3. Em relação aos meios de cultura relacionados abaixo, fale sobre a classificação, para que se
destina este meio e suas características, e um breve relato sobre o funcionamento deste meio:
a) Meio de Stuart
Princípio: a carência de uma fonte de nitrogênio impede consideravelmente a multiplicação de
microorganismos e a composição nutritiva garante a sobrevivência deles.

Utilidade: transporte de diversos materiais e conseqüente conservação dos microorganismos. Conservação

de microorganismos patogênicos como: Haemophilus spp., Pneumococcus, Salmonella spp., Shigella spp.

entre outros.

Controle de qualidade:
Crescimento bom (com 0, 24 e 48 horas de crescimento):

Haemophilus influenzae ATCC 10211

Shigella flexneri ATCC 12022

Streptococcus pneumoniae ATCC 6305

Bordetella pertussis ATCC 9340

Conservação e validade: conservar embalado de 4 a 8°C por 1 a 2 semanas.

Interpretação: cor original do meio: Branco opalescente. Como este é um meio de transporte, não há

evidência de crescimento bacteriano.

Fórmula / Produto: meio comercial: Meio de transporte STUART.

b) Ágar MacConkey
Princípio: o cristal violeta inibe o crescimento de microrganismos Gram positivos especialmente enterococos

e estafilococos. A concentração de sais de bile é relativamente baixa em comparação com outros meios, por

isso não é tão seletivo para Gram negativos como, por exemplo, o ágar SS.

Utilidade: isolar bacilos Gram negativos (enterobactérias e não fermentadores) e verificar a fermentação ou

não da lactose.

Controle de qualidade:
Positivo: Proteus mirabilis ATCC 12453 (não fermentador de lactose).
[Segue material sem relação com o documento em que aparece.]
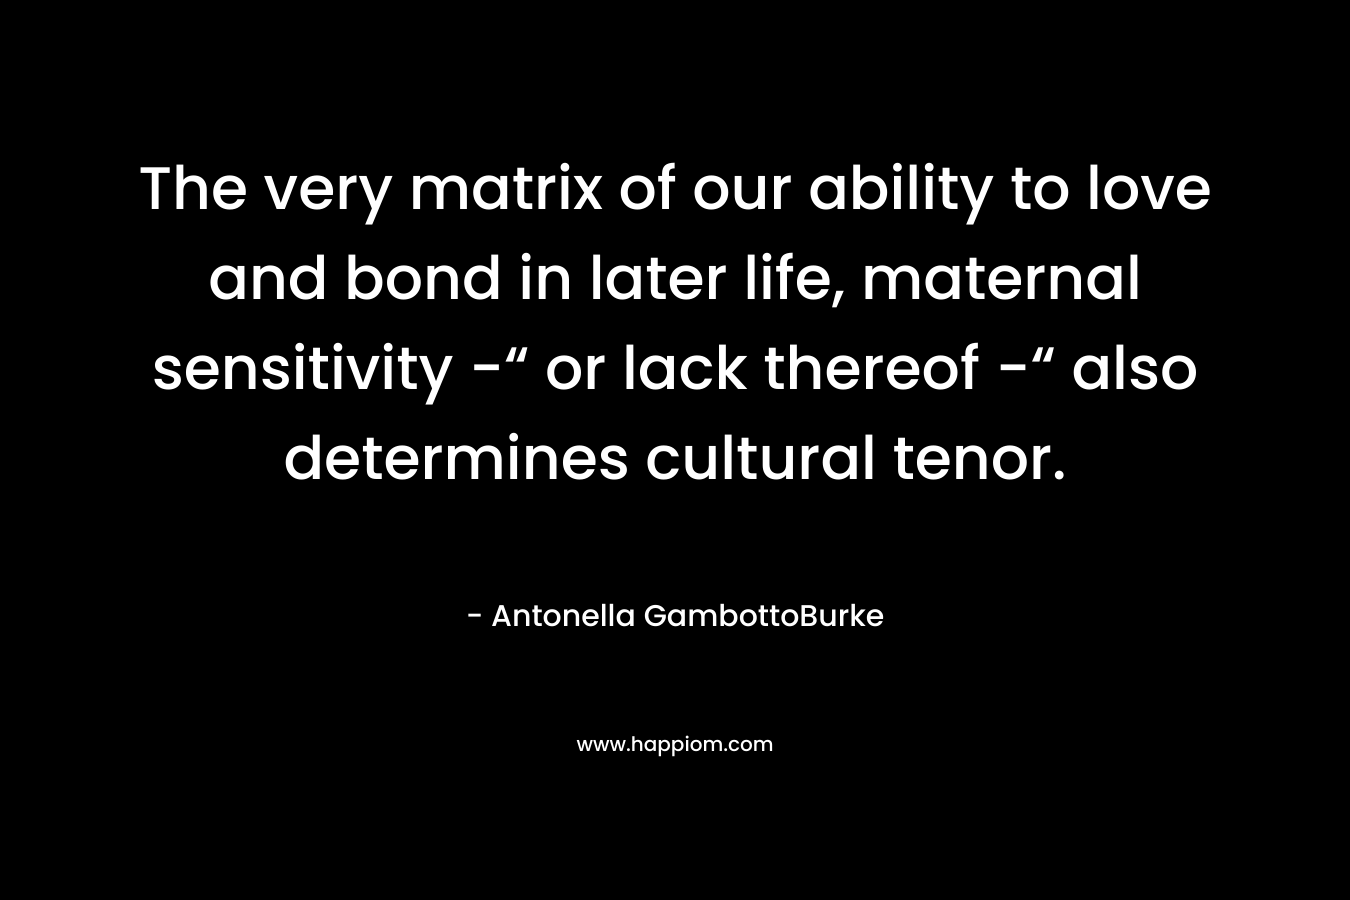 The very matrix of our ability to love and bond in later life, maternal sensitivity -“ or lack thereof -“ also determines cultural tenor.
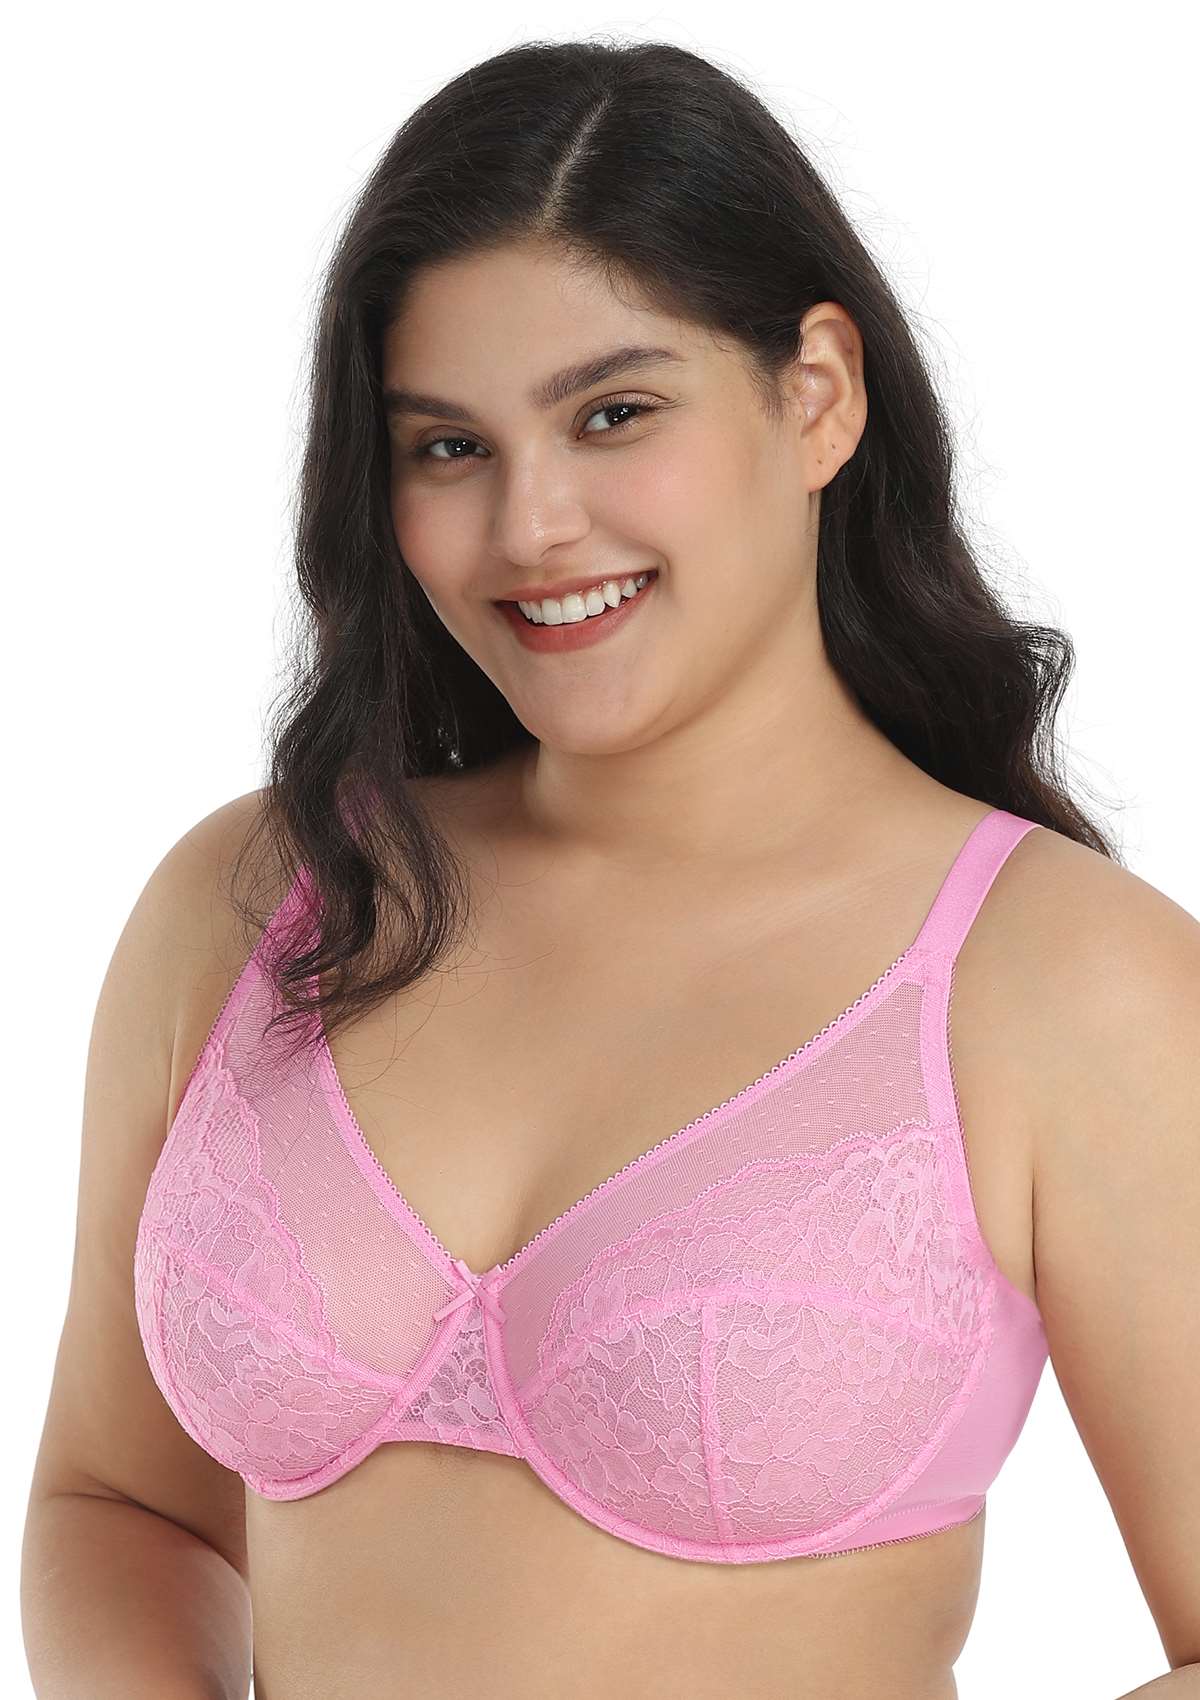 HSIA Enchante Lacy Bra: Comfy Sheer Lace Bra With Lift - Pink / 38 / G

Positivo: Escherichia coli ATCC 25922 (fermentador de lactose).

Negativo: Staphylococcus aureus ATCC 25923.

Interpretação:
Cor original do meio: rosa avermelhado.

Crescimento de bacilos Gram negativos.

Colônias cor de rosa: fermentadoras de lactose.

Colônias incolores: não fermentadoras de lactose.

Não há crescimento de cocos Gram positivos.

Conservação e validade: conservar as placas embaladas de 4 a 8°C por até 3 meses.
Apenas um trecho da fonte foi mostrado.